HAMPSHIRE – Local people who turned out in bitter cold in January 2008 to pose as zombies for the movie "Bled White" – or who simply were inconvenienced because Hampshire's main downtown street was closed to traffic for parts of three days during the filming – finally will get a chance to see what came of their pains.
The horror movie will be shown to the public for the first time at the Clearwater Theatre, at 96 W. Main St. in West Dundee on Friday.
Director Jose Gomez of Geneva said the doors will open at 7 p.m., with the screening to begin at 8, followed by live music. Admission is $8.
Gomez said most of the cast and crew will be there. In fact, the event is officially being described as a "cast and crew event," so a gala premiere can be held some time later.
Filming began one weekend just after New Year's in the bitter winter of 2007-2008. Hampshire's village government agreed to close State Street for scenes showing vicious "undead" zombies taking over a small town, with the zombies played by whatever local volunteers showed up. Hundreds of people expressed interest, but Gomez said only about 30 actually endured the bitter cold and snow.
Later scenes were shot between January and March of 2008 in forest preserves and rural areas around Maple Park and St. Charles.
Gomez, 36, said he keeps a "day job" delivering subpoenas, foreclosure notices, etc., for the Kane County Sheriff's Office. In fact, he might never have made "Bled White" if he hadn't been assigned a few years ago to deliver a subpoena to someone who used to live in the Hampshire building then occupied by Kelli Tidmore, the sometimes actress who would become the film's producer.

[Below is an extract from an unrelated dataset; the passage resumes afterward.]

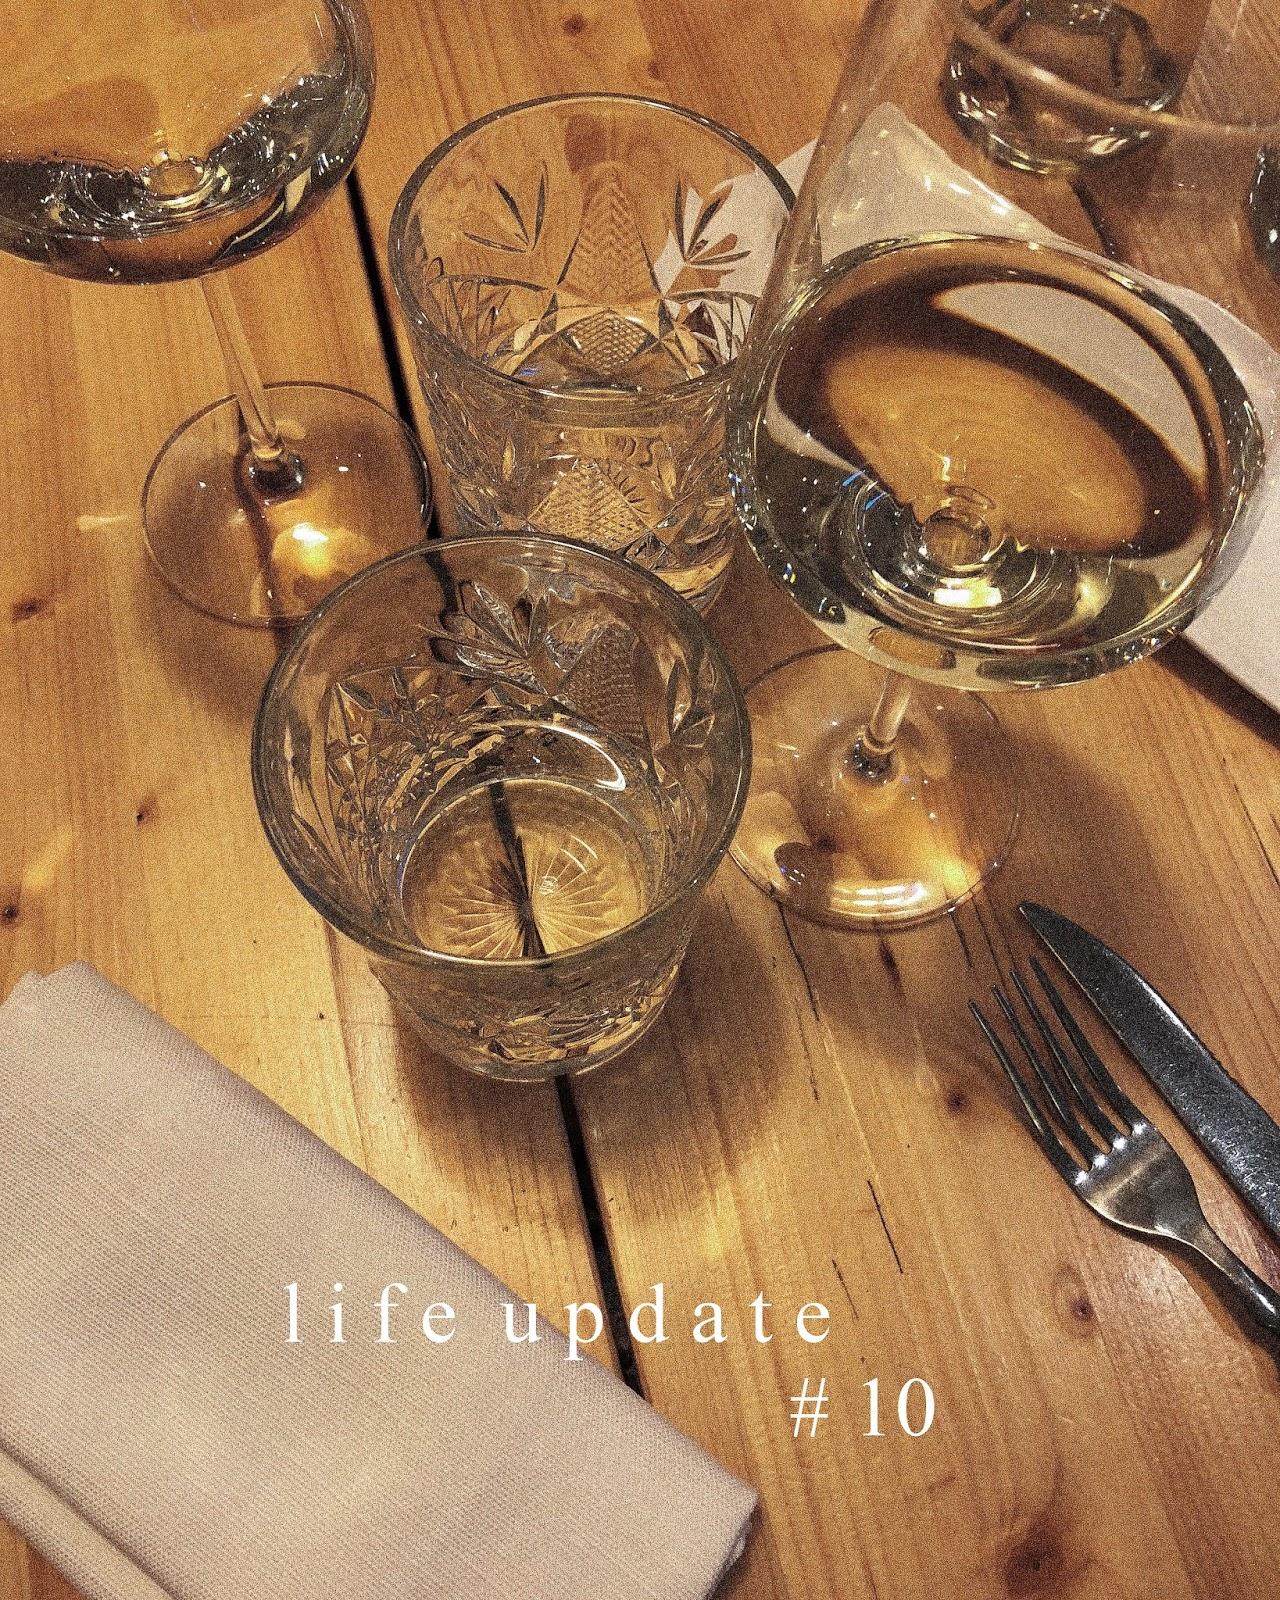 LIFE UPDATE #10

He couldn't find the man he was looking for, he said. But he met Tidmore and began talking about how he had made some short films and was interested in becoming a filmmaker. They struck up a friendship. And as the winter of 2007-08 turned vicious, she suggested they make a new kind of zombie movie by setting it outdoors in the snow. With spring thaws setting a deadline, he wrote the screenplay in a week.
They shot the story on high-definition video for a budget of less than $30,000. The actors mostly came from the Chicago stage world, Gomez said, except for DeKalb actor Matt Prochazka.
"I'm very grateful we live in a time when you can get an HD camera and shoot something that looks like film without having to raise $100,000 or $200,000" as even bargain-basement would-be amateur filmmakers had to do 20 years ago, when they had to buy expensive film stock, Gomez said.
Gomez and Tidmore, who now lives in Elgin, learned recently that their film had earned an honorable mention from the Los Angeles-based Tabloid Witch Awards. It will be screened in LA this fall as part of the awards' festival of horror films.
But Gomez said he and Tidmore still are looking for a distributor to book the movie into theaters and release it as a DVD.
"We see our characters blurring the line between zombie and human," Gomez said. "Both turn to the simple need to feed, no matter the cost in lives. If zombies kill for food, and humans kill for food, are they really the same?"
"Bled White" is "noteworthy for its desaturated sepia tones, lending the film a distinctive look apart from other zombie films," the Tabloid Witch judges wrote.
"I did not want any scene to have the colors we're used to seeing in our daily life," Gomez said. "I wanted everything to feel uncomfortable."